┌──
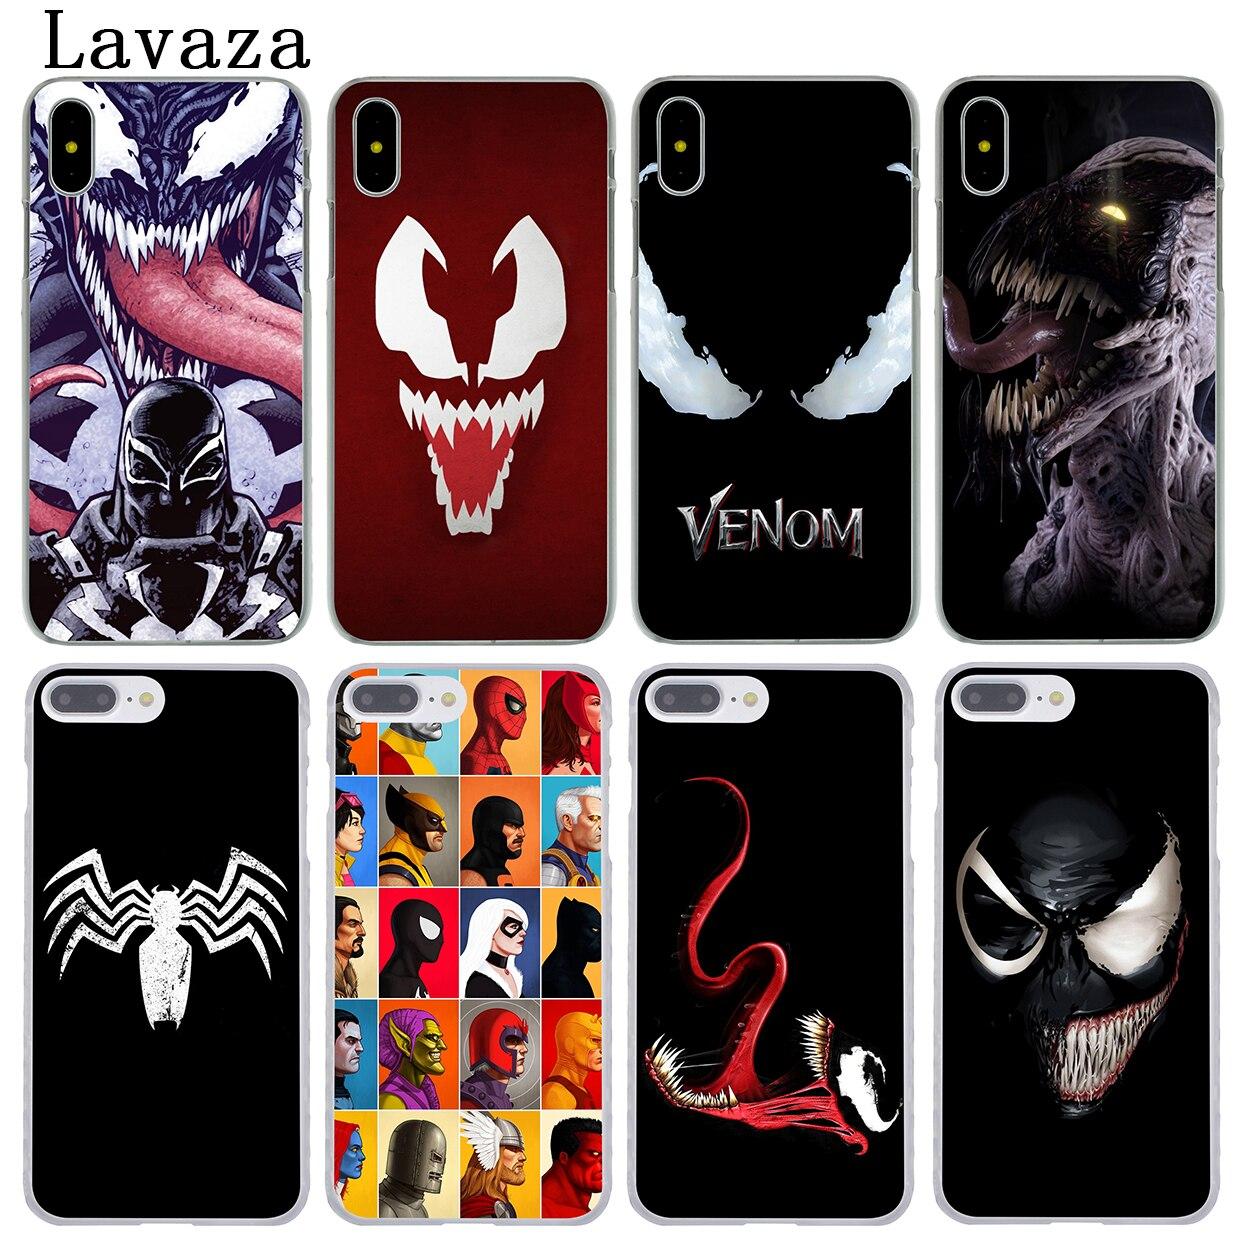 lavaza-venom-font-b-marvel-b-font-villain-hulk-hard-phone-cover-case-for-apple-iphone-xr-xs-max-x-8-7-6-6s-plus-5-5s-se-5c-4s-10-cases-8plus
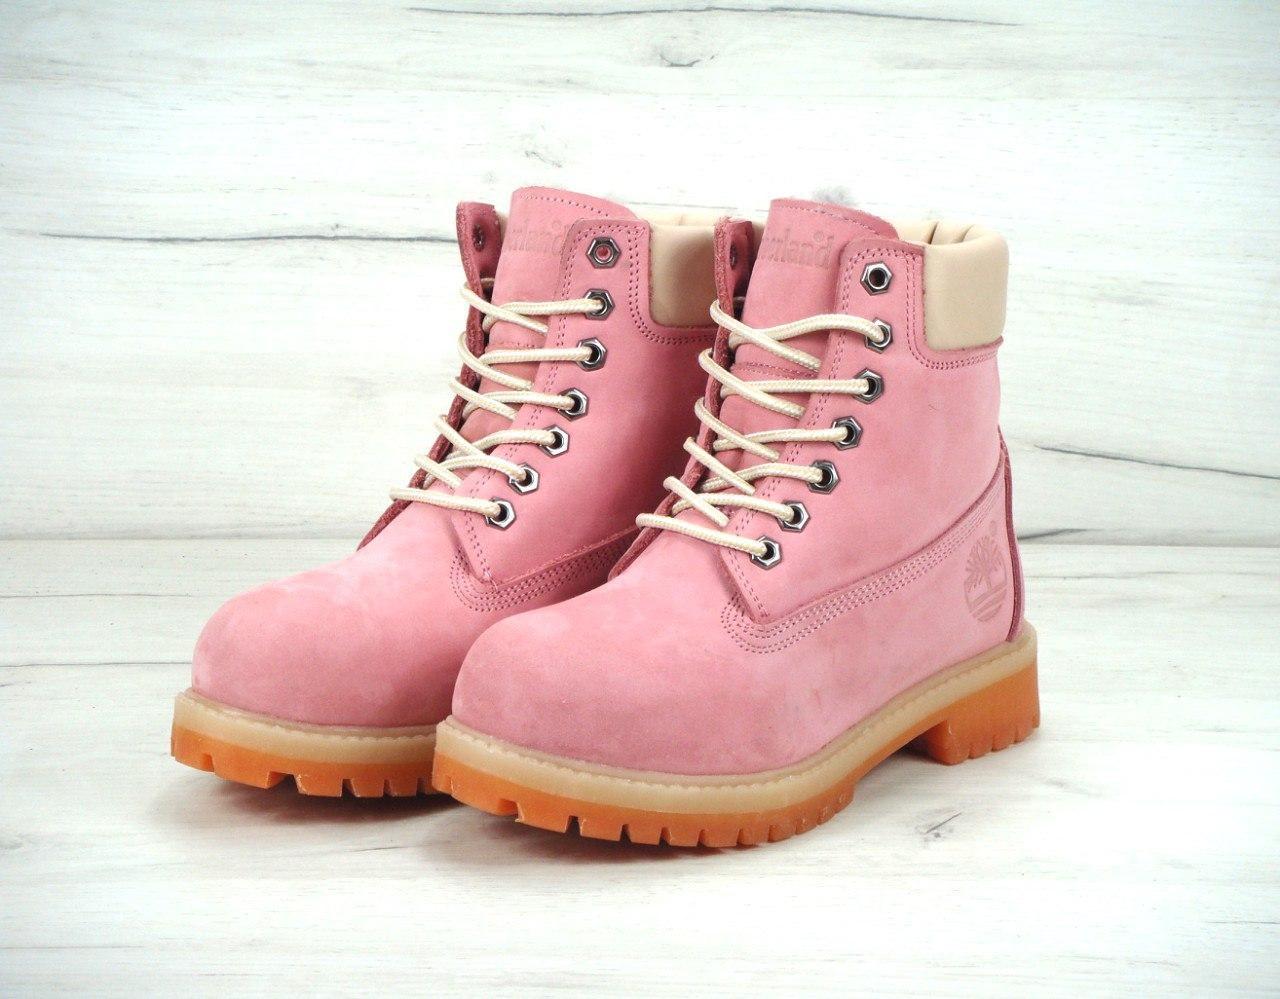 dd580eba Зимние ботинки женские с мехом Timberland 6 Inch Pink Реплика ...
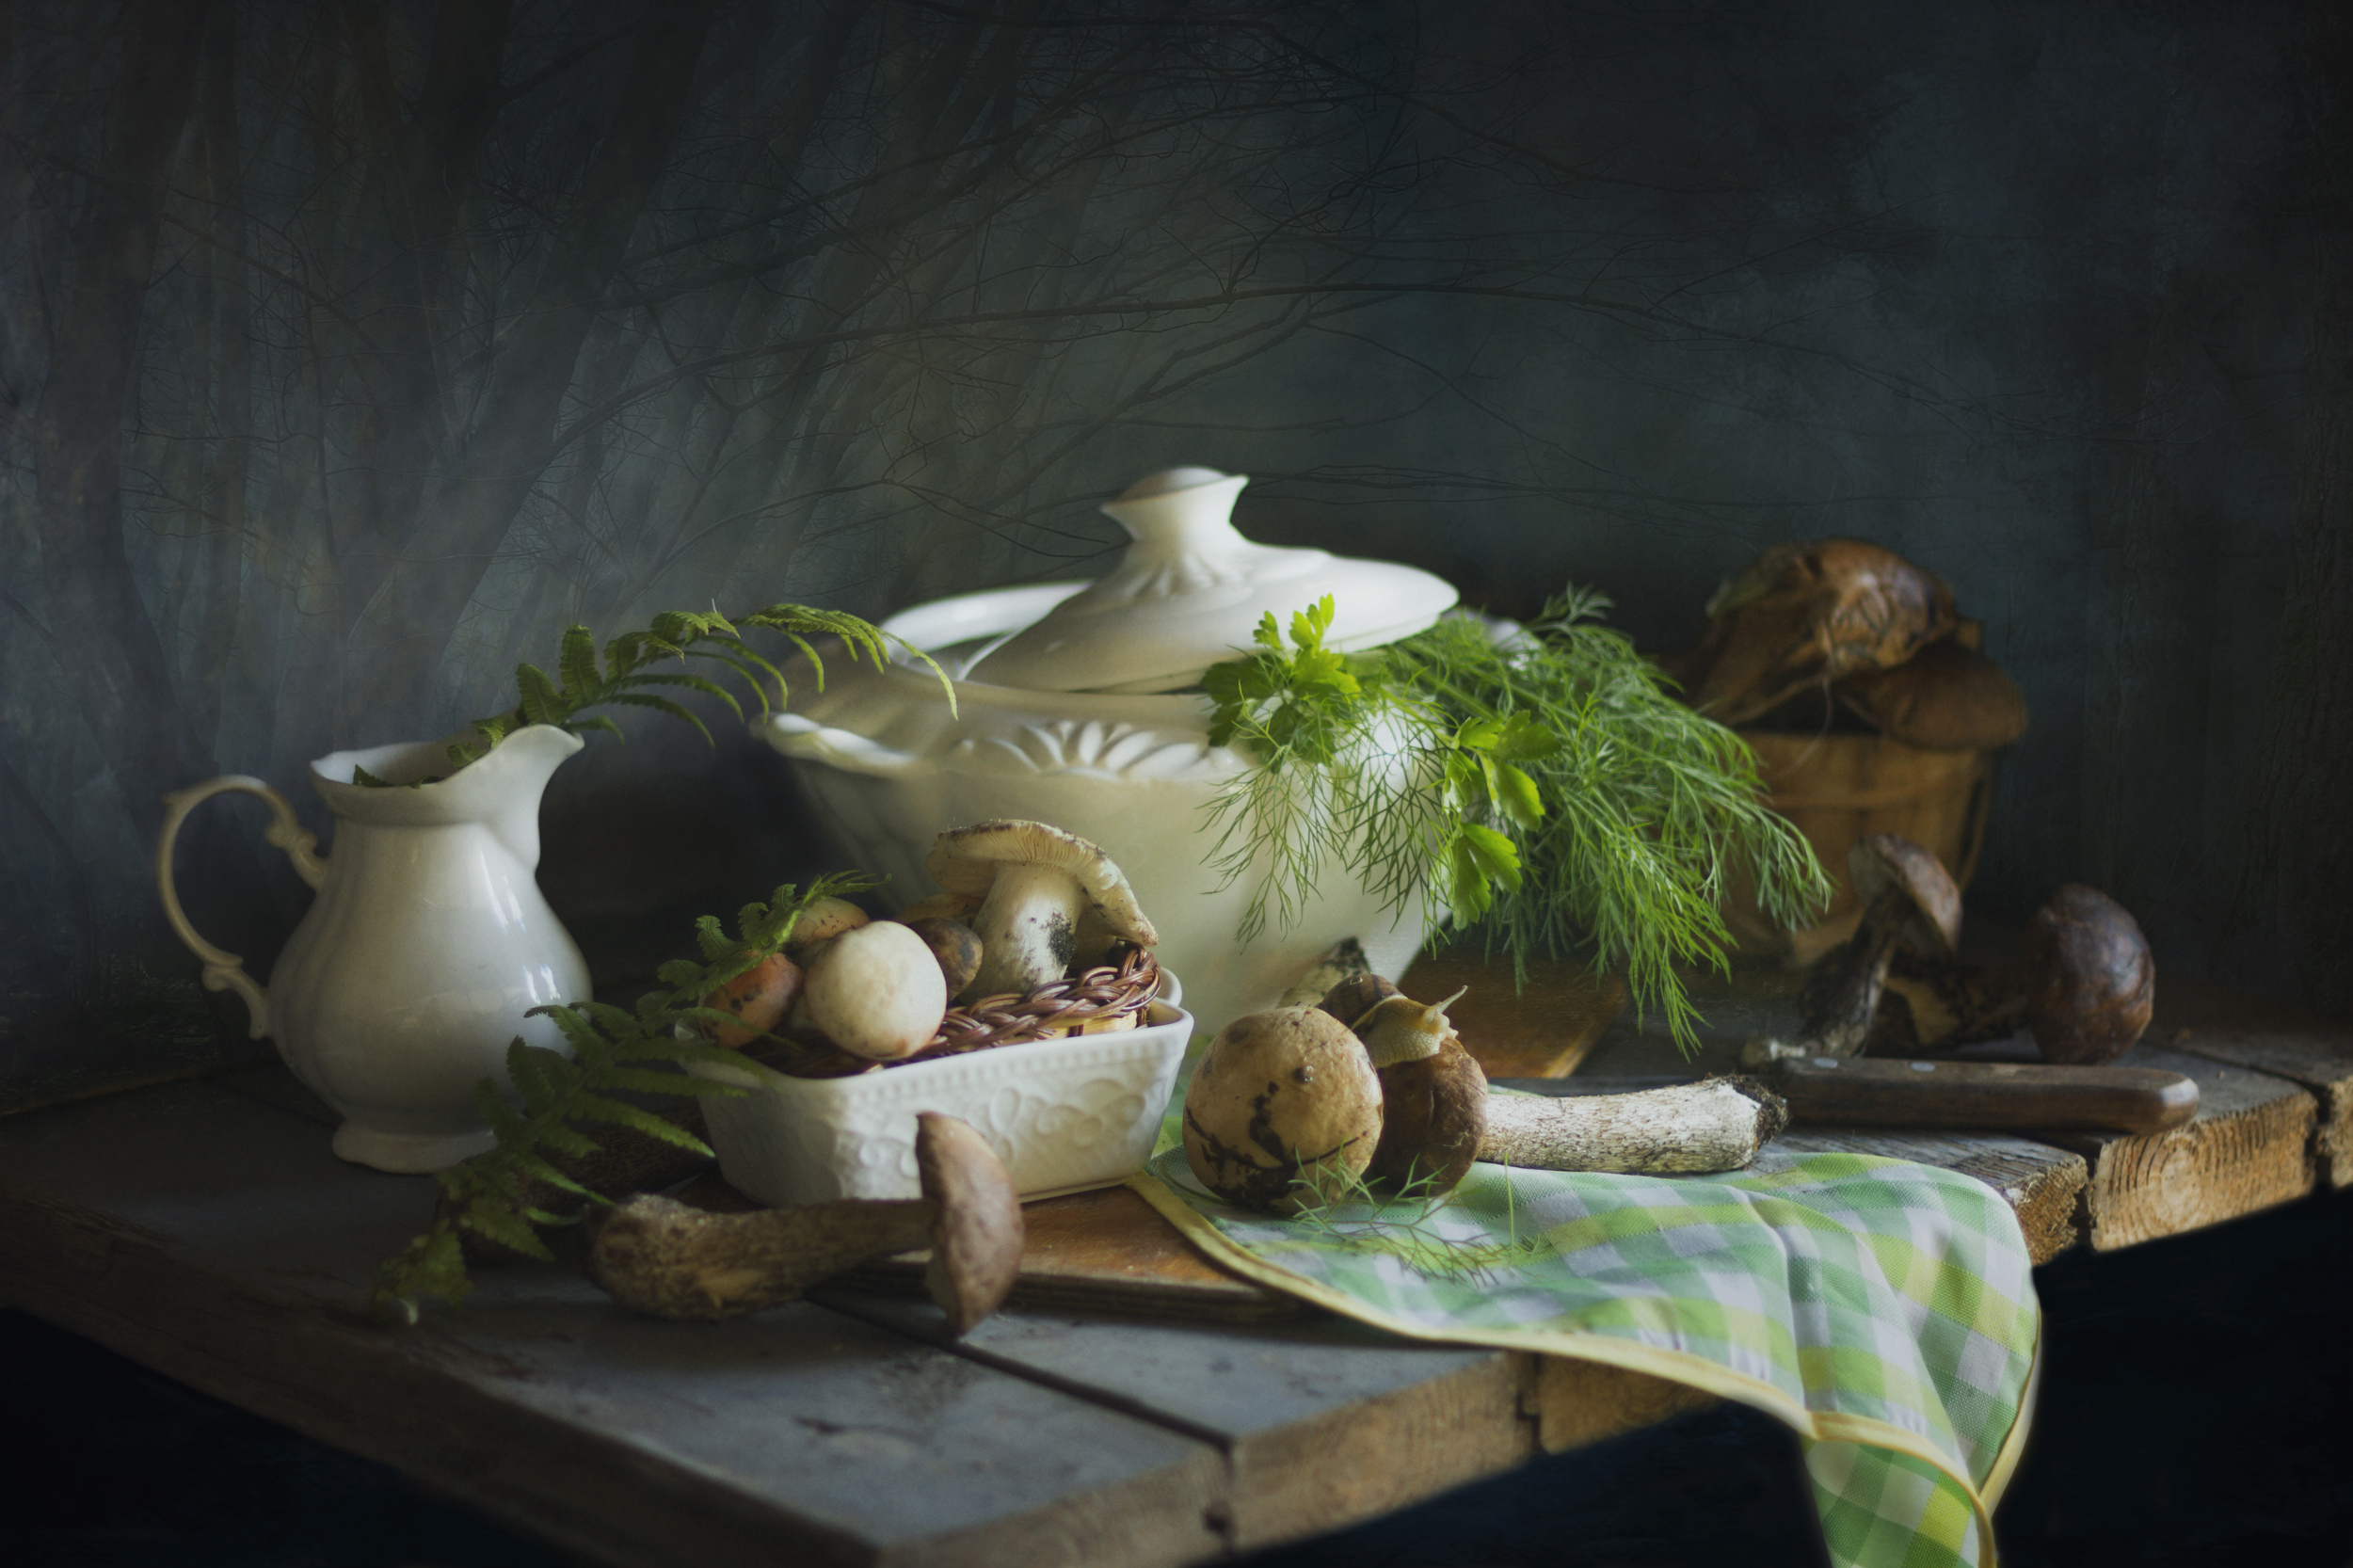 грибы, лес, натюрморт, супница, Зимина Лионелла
└──
- [DIRECTIONS]
Pictures do not go in the copy. Write out exactly the lines from the line containing "dd580eba Зимние ботинки" through the last line of the listing.

- [EXERCISE RESULT]
 dd580eba Зимние ботинки женские с мехом Timberland 6 Inch Pink Реплика ...
 грибы, лес, натюрморт, супница, Зимина Лионелла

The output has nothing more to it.